The delivery address for the Bulu warehouse is:
5240 S 19th St.
Lincoln, NE 68512
Bulu will provide storage facilities for the Products in Bulu’s warehousing facilities (“Warehouse”). Bulu will place inventory in the appropriate pallet space, bin space or overflow space according to the pick frequency. Bulu will bill according to the type of storage space used and will prorate the first month of storage if received after the first day of the month.
Upon notification by the Company of a purchase of Products by a customer of the Company, Bulu will pick and package the Products from the available Inventory and ship such Products directly to the Company’s customer (“Customer”).
Bulu will use appropriate packaging material (i.e. bubble wrap, boxes with void fill, etc.) at its discretion.
Upon request by the Company, Bulu will include a Company packing slip, and/or other Company marketing materials concerning the Product, to be provided by Company. Additional fees for customized packing slips may apply. Bulu will default to not including a packing slip unless otherwise requested.
Bulu will process, package and ship all Product orders in accordance with Bulu policies.
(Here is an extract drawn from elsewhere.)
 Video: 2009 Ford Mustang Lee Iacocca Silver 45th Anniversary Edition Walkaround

Orders will be processed Mondays through Fridays except for national holidays (“Business Days”). “Business Hours” are defined as 8:00 AM local time to 4:00 PM local time. Local time is the time zone of the warehouse from which the Order is being shipped. Order fulfillment may be delayed due to inclement weather or unsafe weather conditions.
Bulu requests it be notified within 10 days of an expected increase in sales volume from special sales and marketing promotions. If the Company’s order volume increases more than 50% as compared to the average daily order volume of the previous 2 months (excluding Holiday volume), order fulfillment may be delayed by up to 48 hours.
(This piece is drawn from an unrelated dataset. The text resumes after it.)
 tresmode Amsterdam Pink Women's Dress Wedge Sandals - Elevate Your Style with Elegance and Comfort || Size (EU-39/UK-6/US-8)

Bulu will maintain monthly summaries of all orders shipped and received, which shall be made available to the Company through Bulu’s billing process.
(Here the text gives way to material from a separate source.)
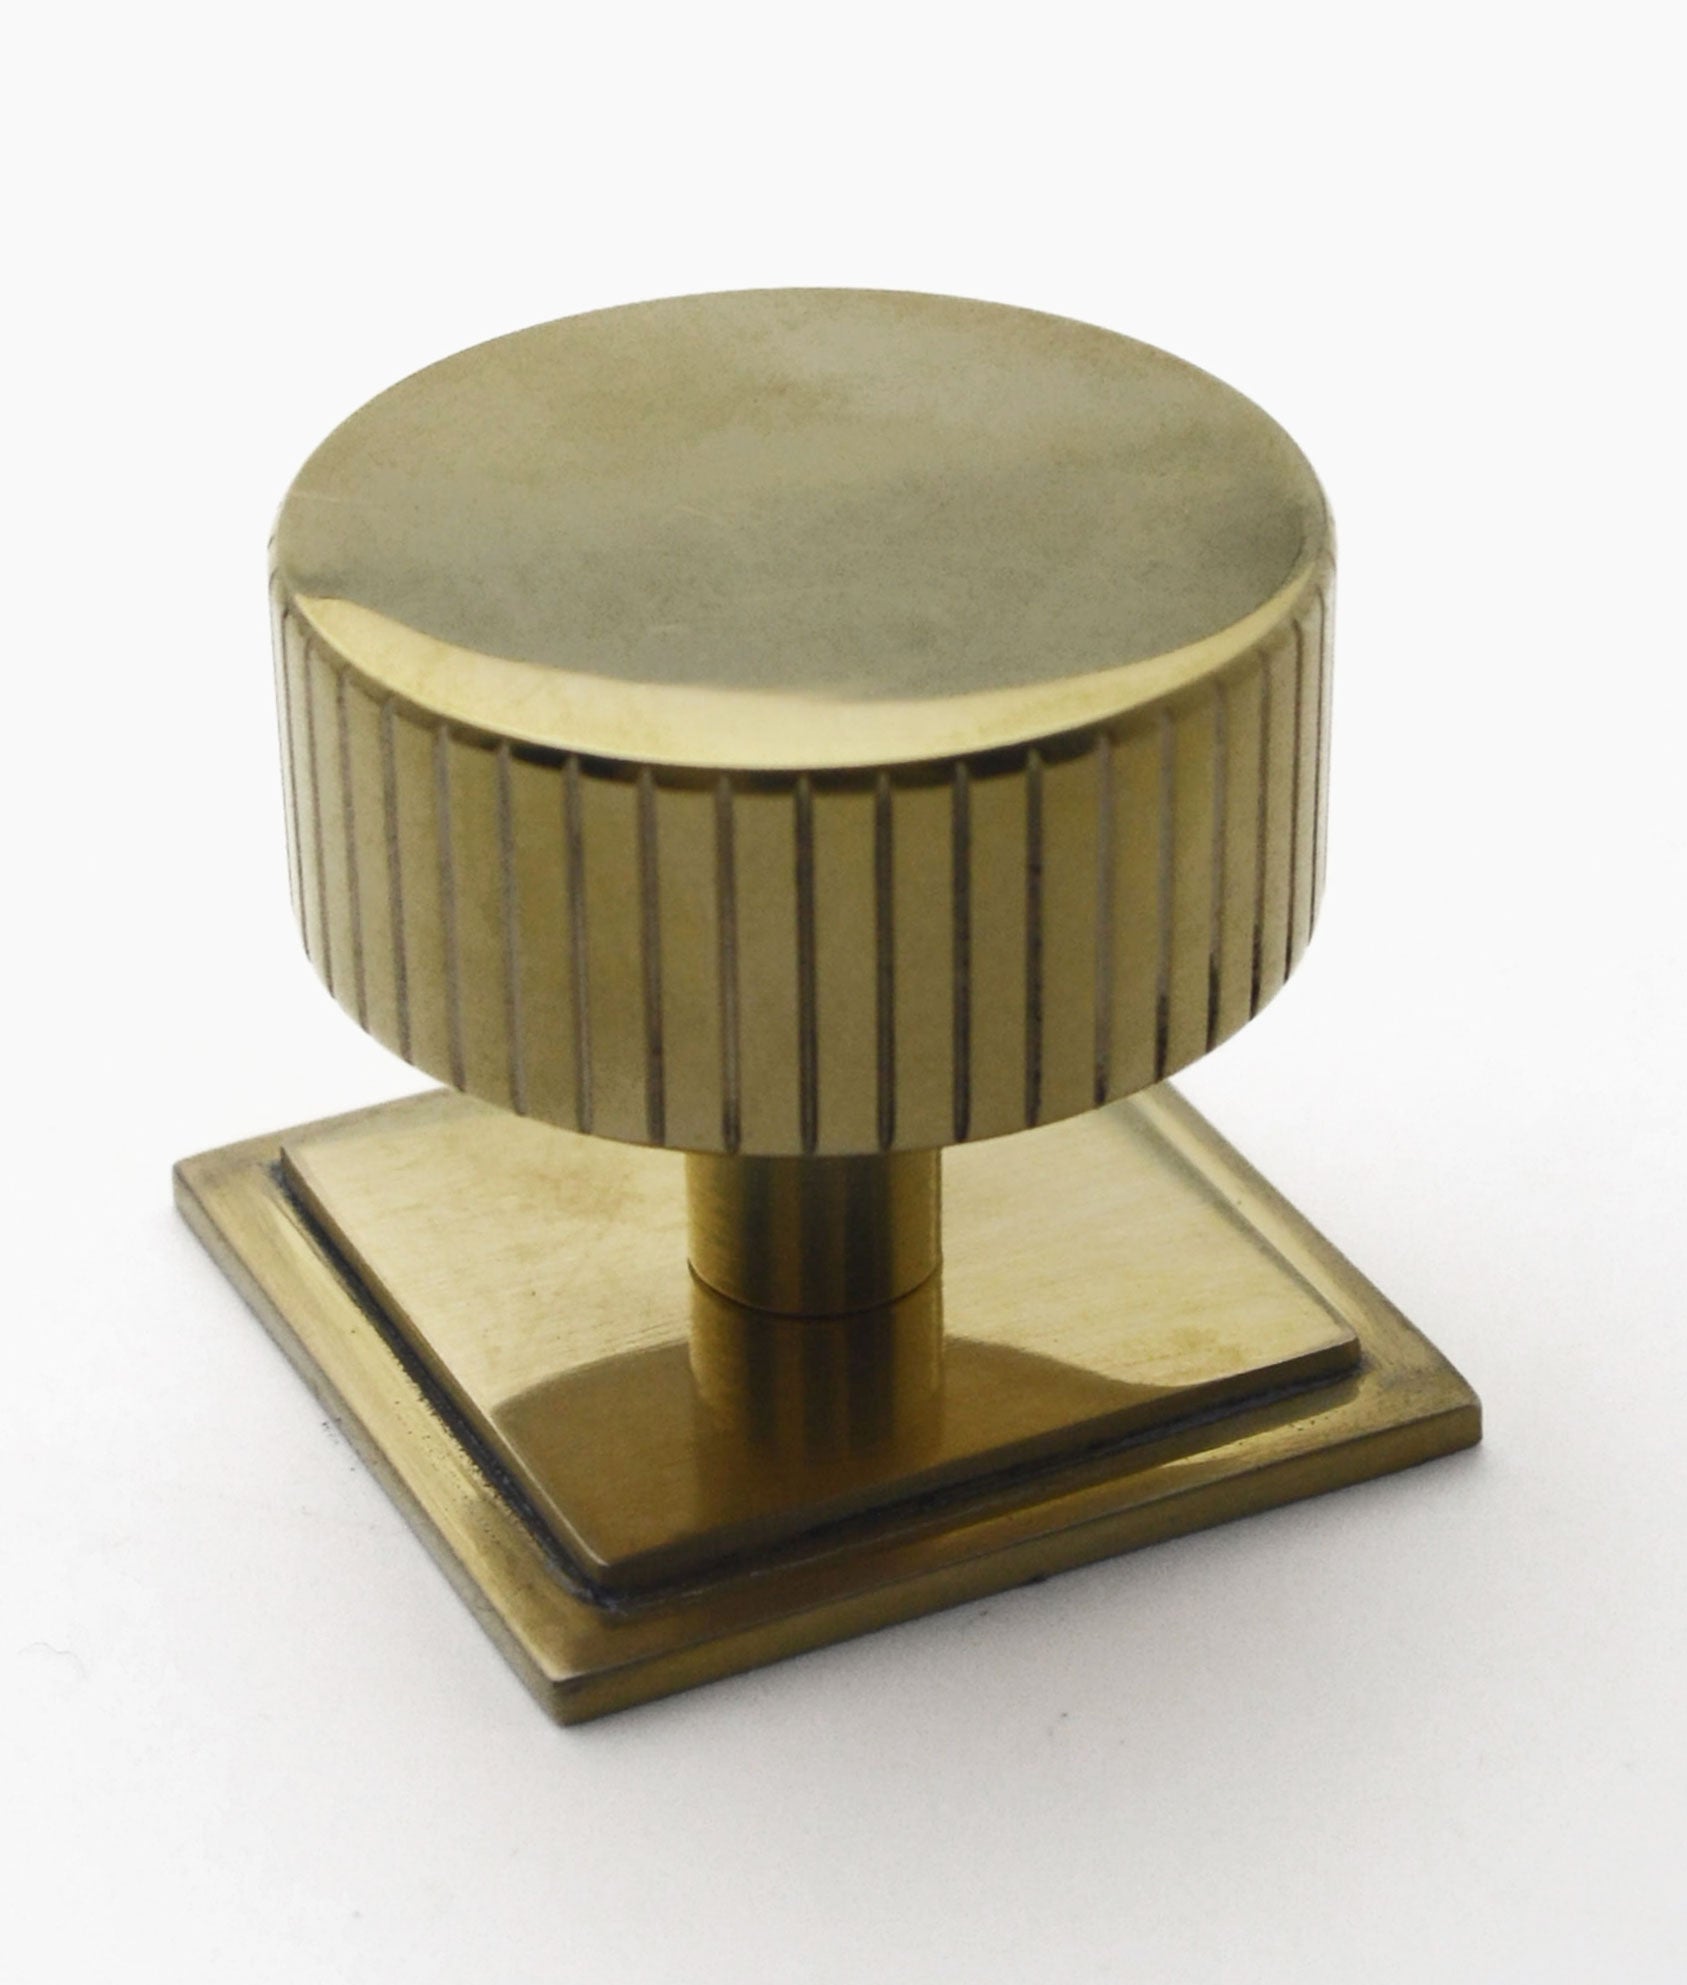 Unlacquered Polished Brass Dalcross Linear Cabinet Knob on Square Plate

Bulu will facilitate Product returns from the Company’s customers.
In addition to the above described Services, Bulu shall perform any additional services, including special projects, that the Company desires Bulu to perform, as more fully described in any amendments to these Terms and Conditions or other agreed to written communications between the two Parties.
3.2 Service Level Standard. Bulu will provide the Services agreed to in these Terms and Conditions in accordance with its usual and customary Bulu practices and procedures.
4. COMPANY PERFORMANCE
4.1 Company Business Conduct. The Company shall at all times comply with all laws, regulations and rules applicable to its business including the Company's sale of the Products to the Company’s Customers. Without limiting the generality of the foregoing, the Company shall, at its own expense, maintain all certifications, credentials, licenses, permits, notices, disclosures, warnings or authorizations necessary or usual and customary for it to conduct its business relating to the sale of the Products. Company and shall not engage in any activity or transaction involving the Products, by way of shipment, use or otherwise, that violates any law, regulation or rule.
5. COMPENSATION AND REIMBURSEMENT FOR SERVICES
5.1 Invoicing for Services. Bulu will bill and send invoices to the Company once a period, on the 1st day of each period. Bulu will bill the Company for the Services provide in the Period that ended. If a period is not designated or specified by the Parties the period shall be one month. All charges and invoices will be due upon receipt. The Company shall prepay Bulu for (1) products sourced and purchased by Bulu for the Company, (2) shipping costs and fees, including any and all taxes, duties, or charges of any kind imposed by governmental, regulatory or other authorities for shipments including those delivered outside the United States and its territories, and (3) any other material expenditures incurred by Bulu on behalf of the Company in accordance with this Agreement.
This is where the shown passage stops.